Thoughts on the social justice statement (part 4)
Let me get right to the primary point of the final post in this series -- "The Statement on Social Justice & the Gospel" would have profited from a different approach.
It would have been much better if the statement had not been just a list of affirmations and denials. It would have been much better if, instead, the original signers had produced a document that interacted with the ideas of other equally Bible-based and equally gospel-focused brothers and sisters who approach some of the issues at hand in different ways. It would have been much better if, instead, they had produced a piece that acknowledged and dealt with America's centuries-long history of slavery, subjugation, segregation or discrimination in light of the gospel of Jesus.
Of course, that approach would have been more complicated. It would have taken more time. It would have required listening to and talking to fellow saints who offered different insights. It might have called for a public symposium and a document that outlined the areas of agreement and disagreement. It would have cost more.
But it would have been worth it on this issue. Such an approach and document would have provided a greater benefit to the church in America and a more winsome witness to those outside the church in America. A process focused on truth while marked by grace and love -- as well as a document that represents views on all sides charitably -- could have offered an antidote to the harshness and unkindness that marks too much of the online communication by evangelicals.

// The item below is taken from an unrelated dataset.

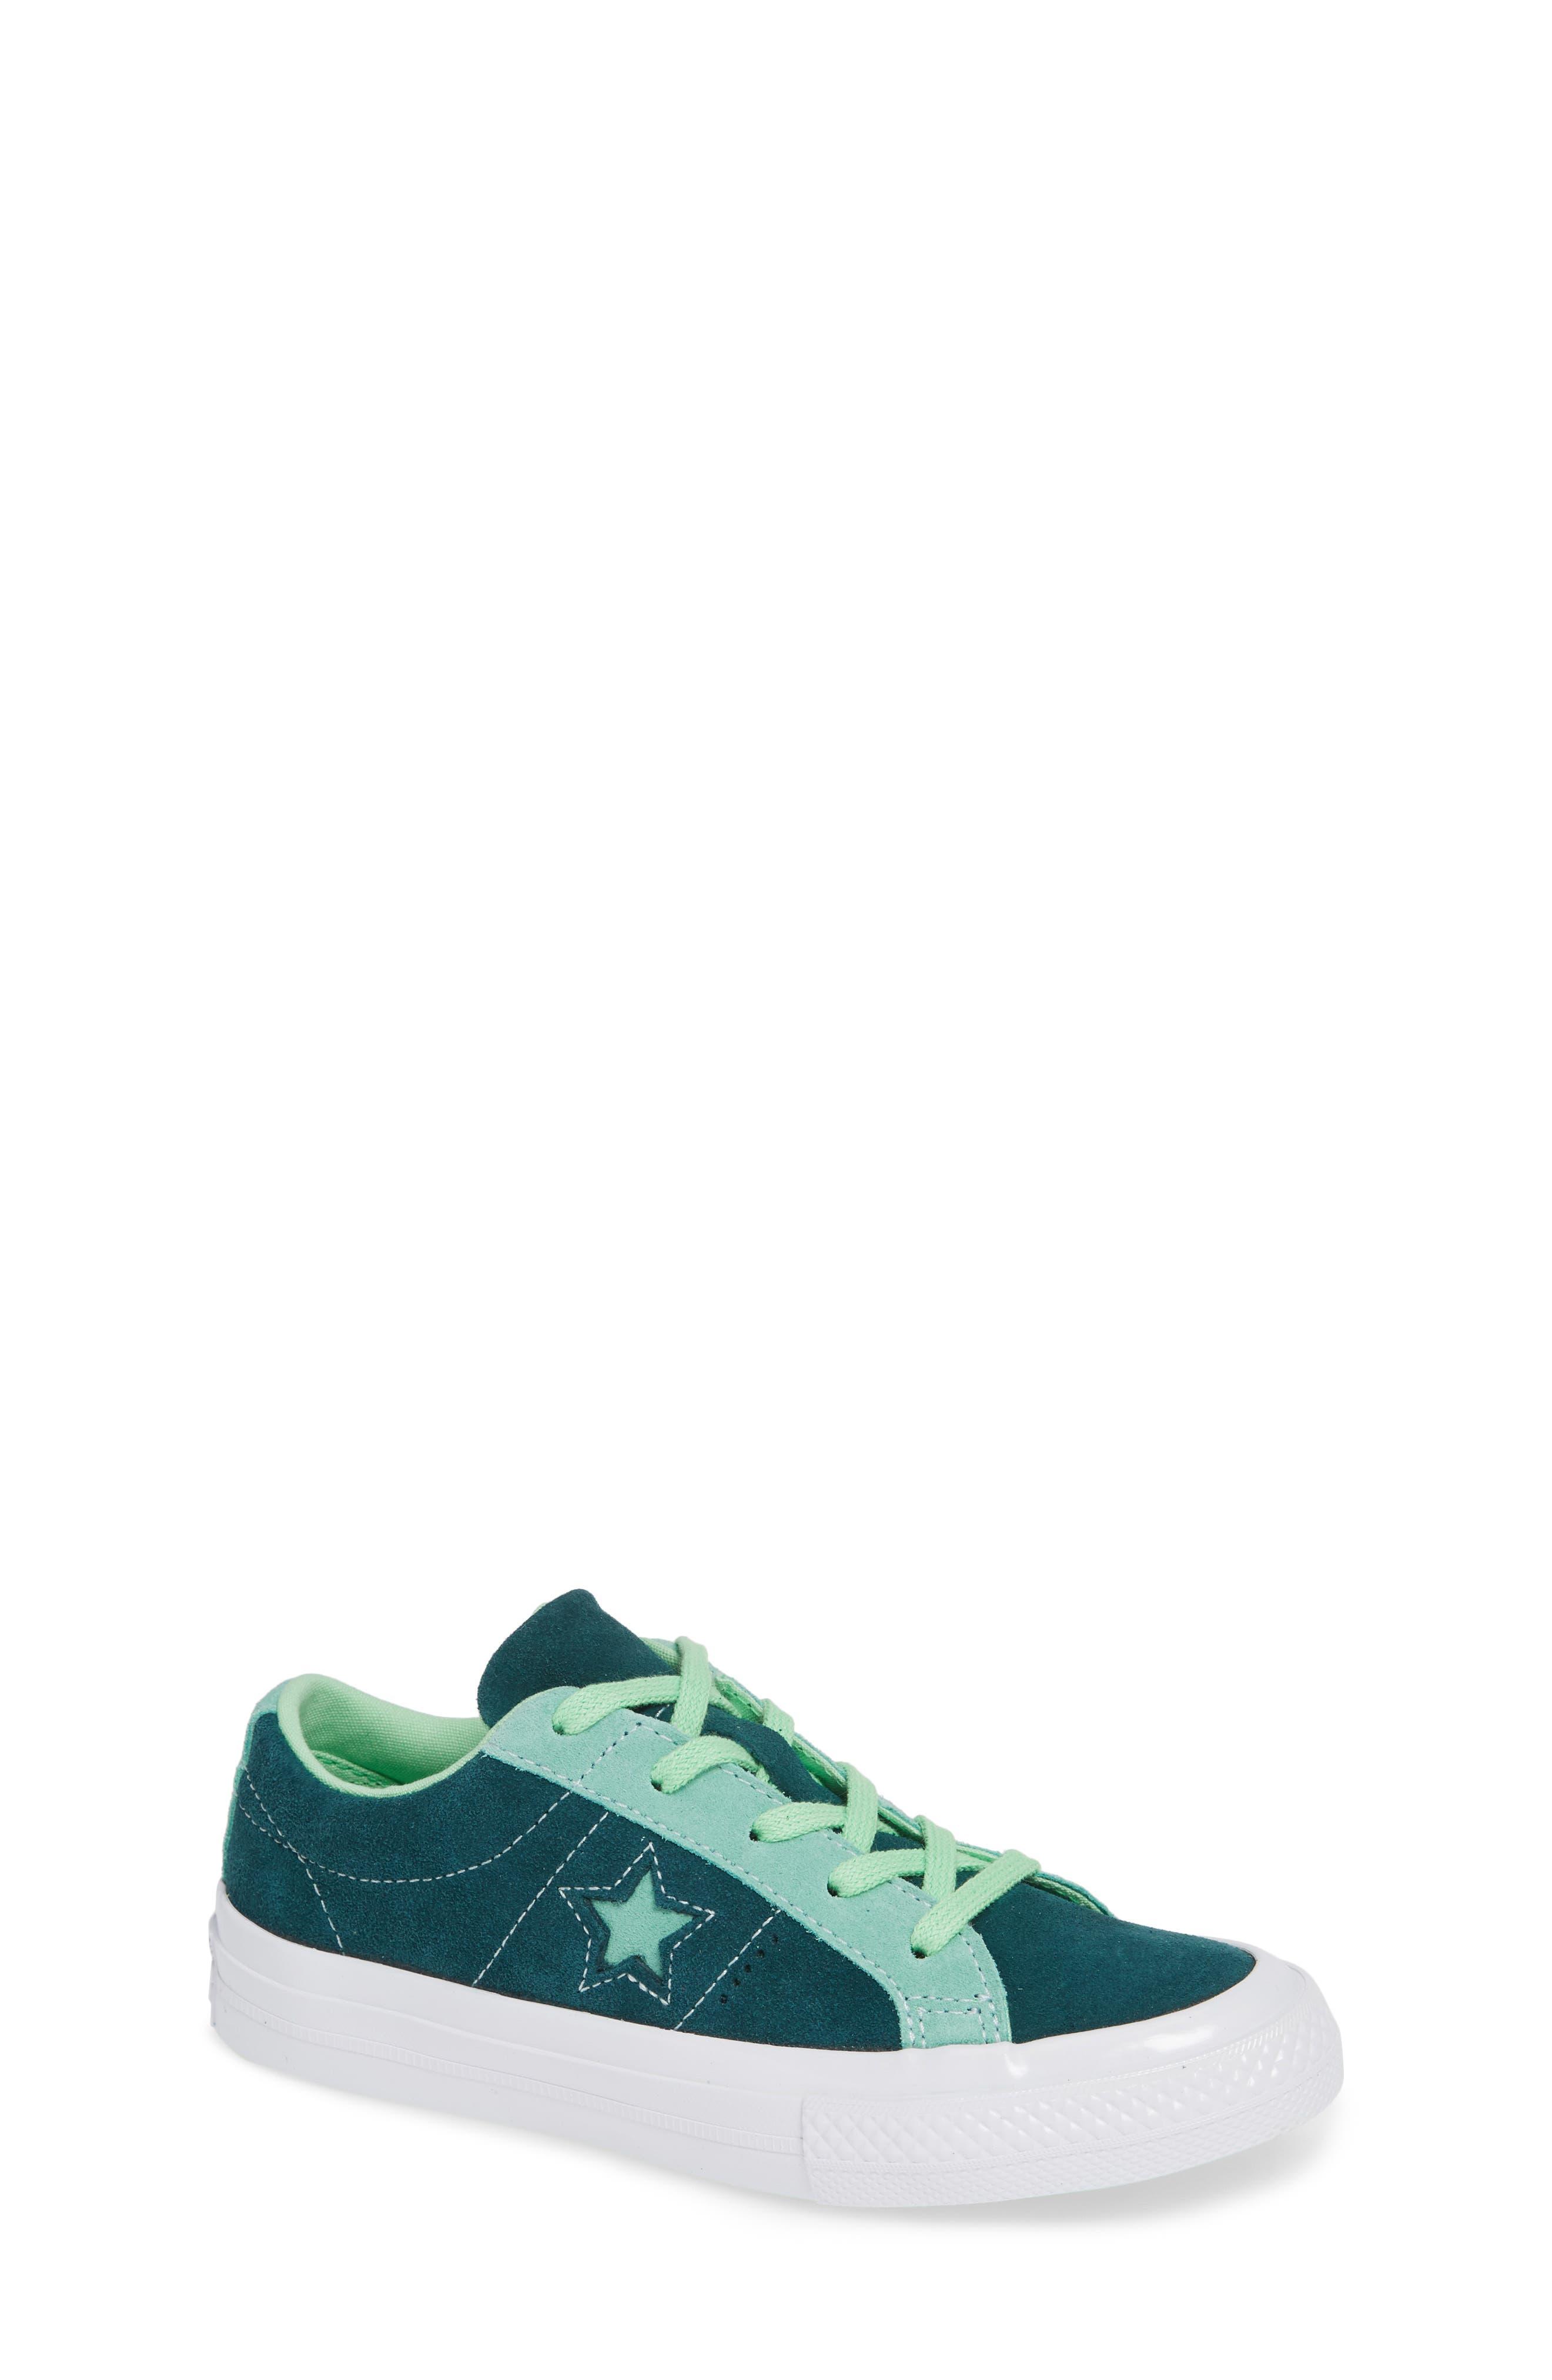 One Star Carnival Low Top Sneaker,                             Main thumbnail 1, color,                             345

Maybe the original signers sought to do this very thing, but the explanation in the social justice statement about its origin does not mention such an effort.
Yes, my suggestion sounds naive and idealistic, maybe even foolish. But our Lord came "full of grace and truth" (John 1:14), and we are to be like Him. And the message we proclaim is foolishness to the world (I Corinthians 1:18-25), and we are to expect some charges of foolishness -- even if they come from within evangelicalism. Shouldn't we strive not just to speak the truth but to do it graciously by reaching out to those with a common commitment to Scripture and the gospel and by seeking to understand and to represent others' viewpoints accurately no matter what side they are on?
It would have helped at this moment in time to have a document that not only strongly defends the gospel, which is vital, but also addresses with clarity the implications of that gospel for the church in a country that has long struggled with achieving justice for the vulnerable and marginalized. It would have helped to have a document that provides guidance on how the gospel enables us to love our neighbors publicly and informs our attitude and actions regarding injustice toward ethnic minorities, the unborn, the disabled, the terminally ill and beleaguered refugees.
Maybe that document will yet come from followers of Christ who are at this time on opposite sides of the social justice debate.